California’s high-speed railroad manqué is a metaphor for progressive politics today. Increasingly, Democrats are drawn to grand, visionary, hopelessly expensive, but ultimately unworkable “solutions” to public problems. The Green New Deal, Medicare for All, free college, universal pre-school—the list goes on, culminating in that cure for all ailments public and private, socialism.

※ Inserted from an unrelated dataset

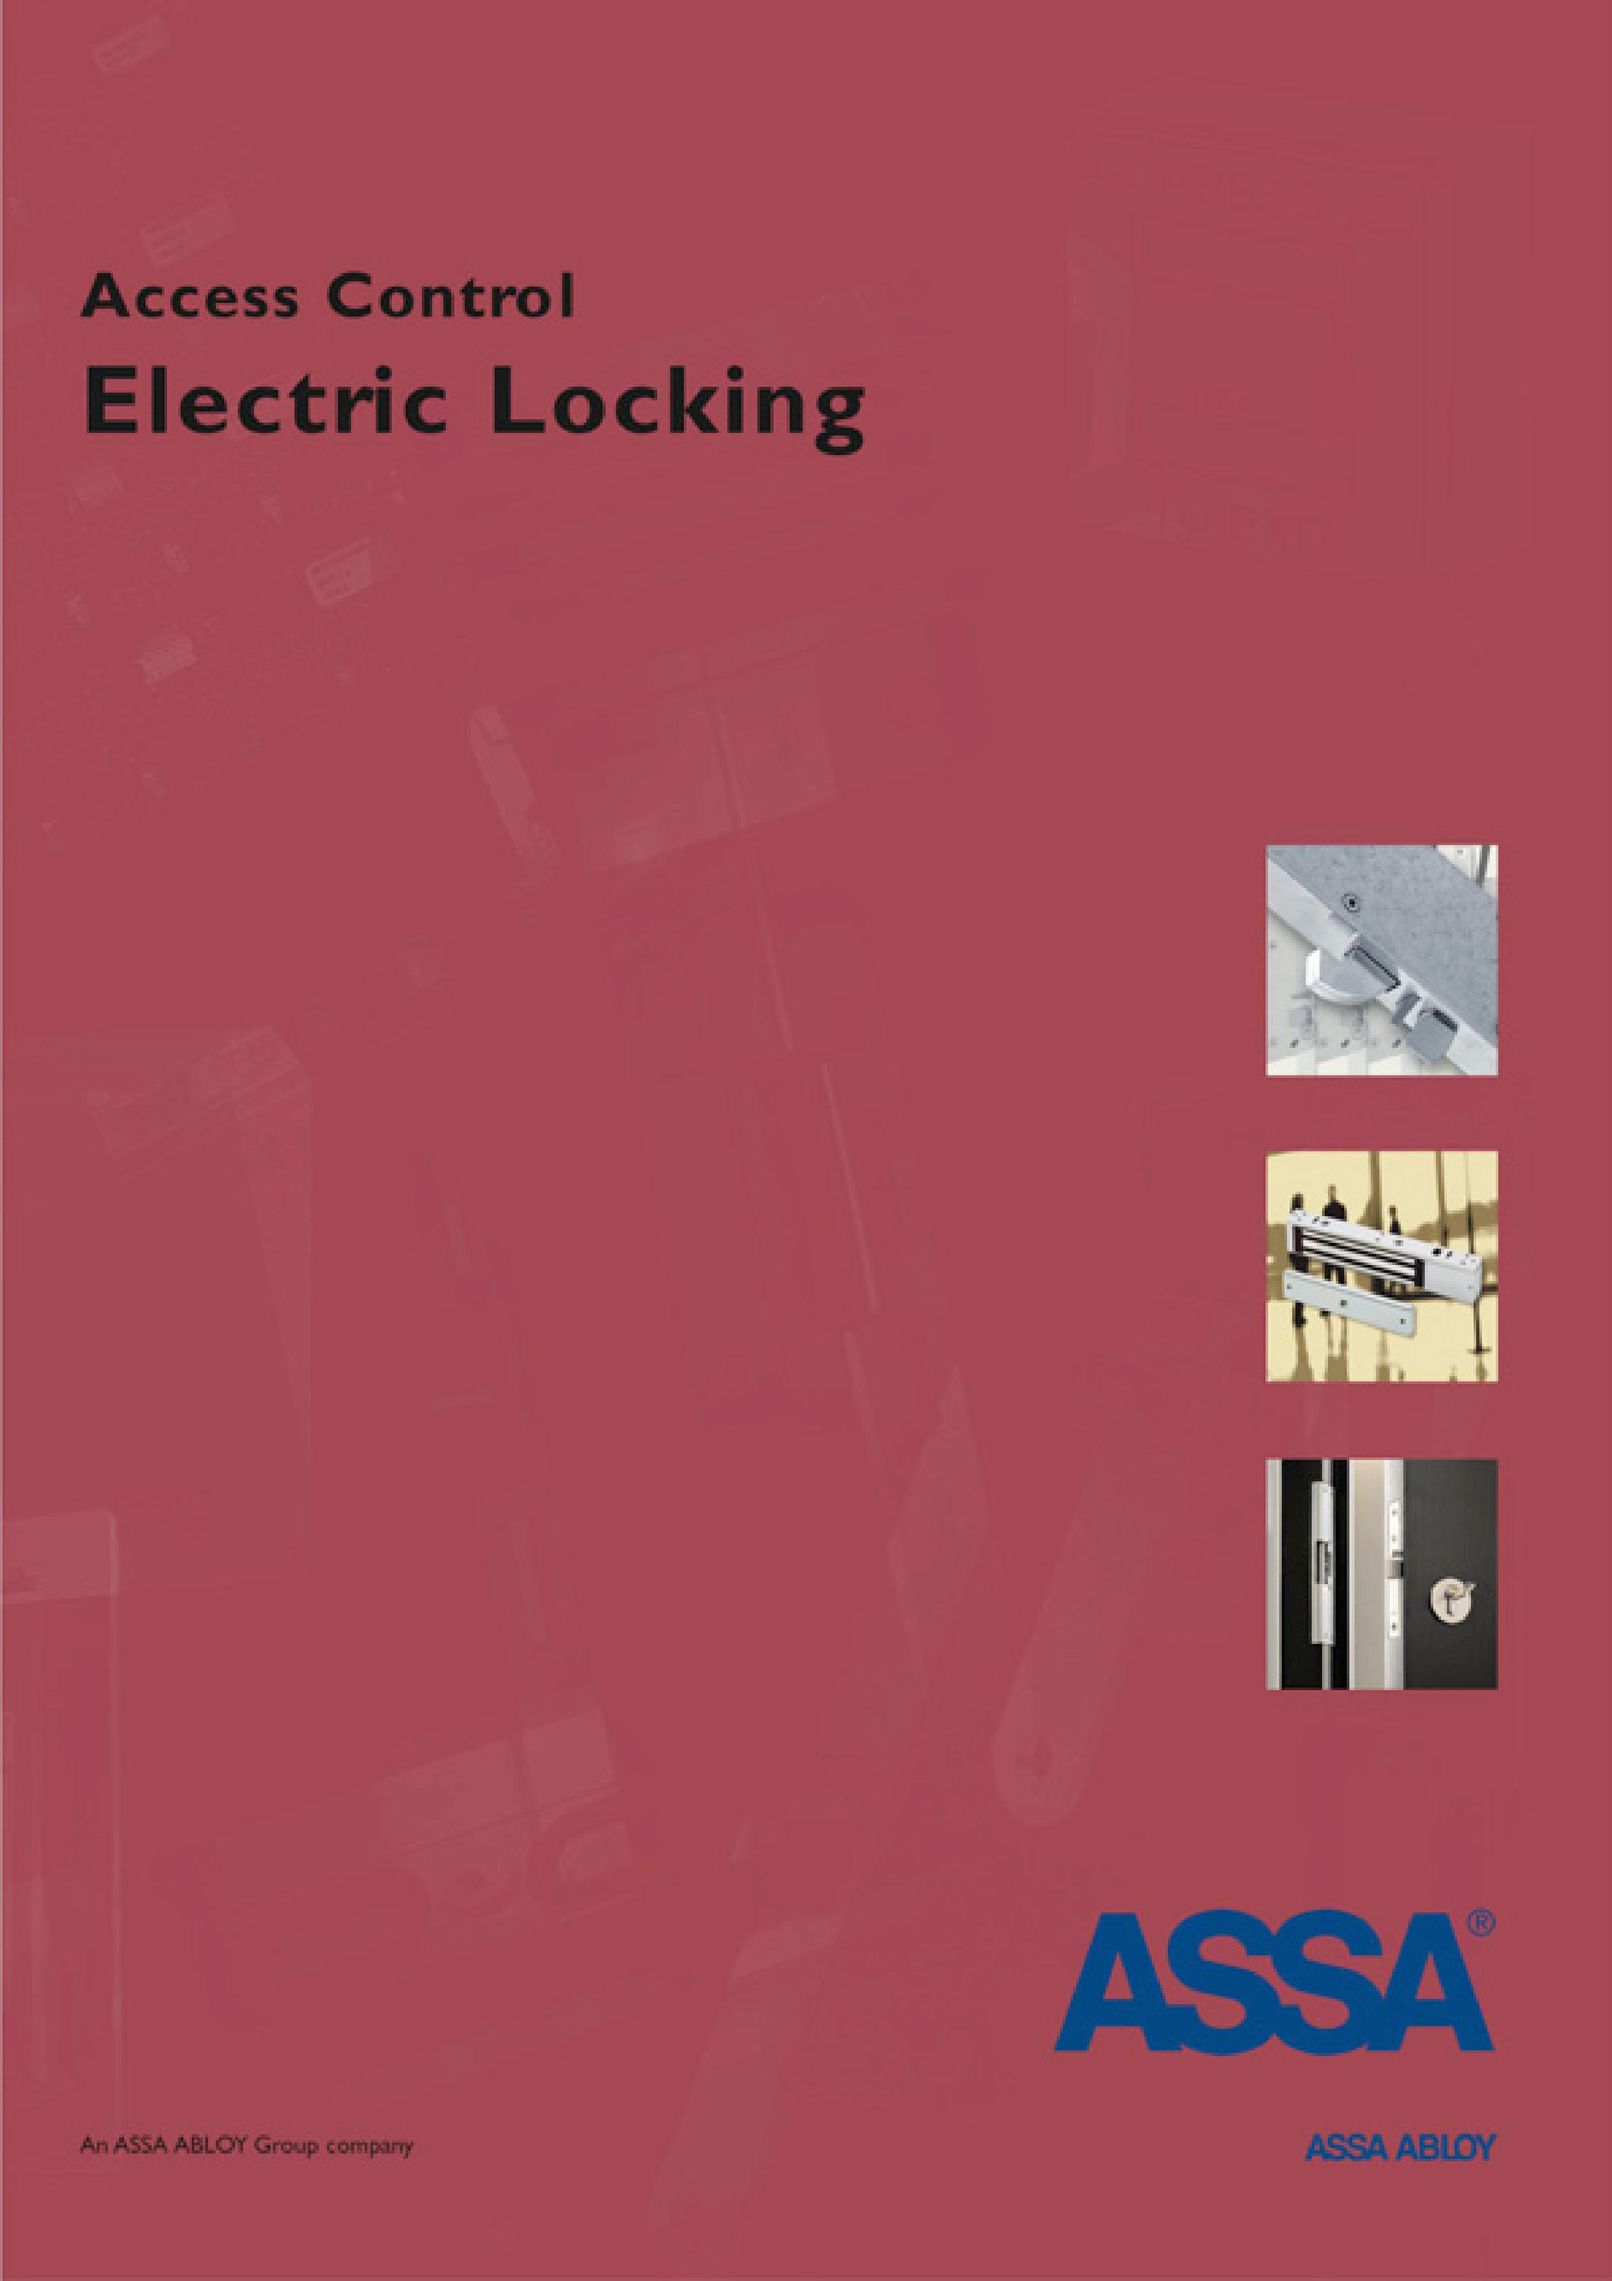 Assa Access Control Electric Locking Door User Manual

What’s odd or interesting about this state of affairs is how many Democrats see through these purported cure-alls. Even as Newsom sees the futility of high-speed rail in California, so intelligent Democrats realize that Americans will not abolish airplane travel or automobiles; that you can’t guarantee national health care for all and expect it to be cheaper than, or as good as, the prevailing system; that socialism takes too many evenings and turns rich, free countries into poor, unfree ones.

Many progressives know this already, and nevertheless are irresistibly drawn to these illusions. “I think I can,” said the little engine. “Yes, we can,” said Barack Obama. “Electrified trains are part of the future,” Jerry Brown told his listeners in 2013. Don’t count on it.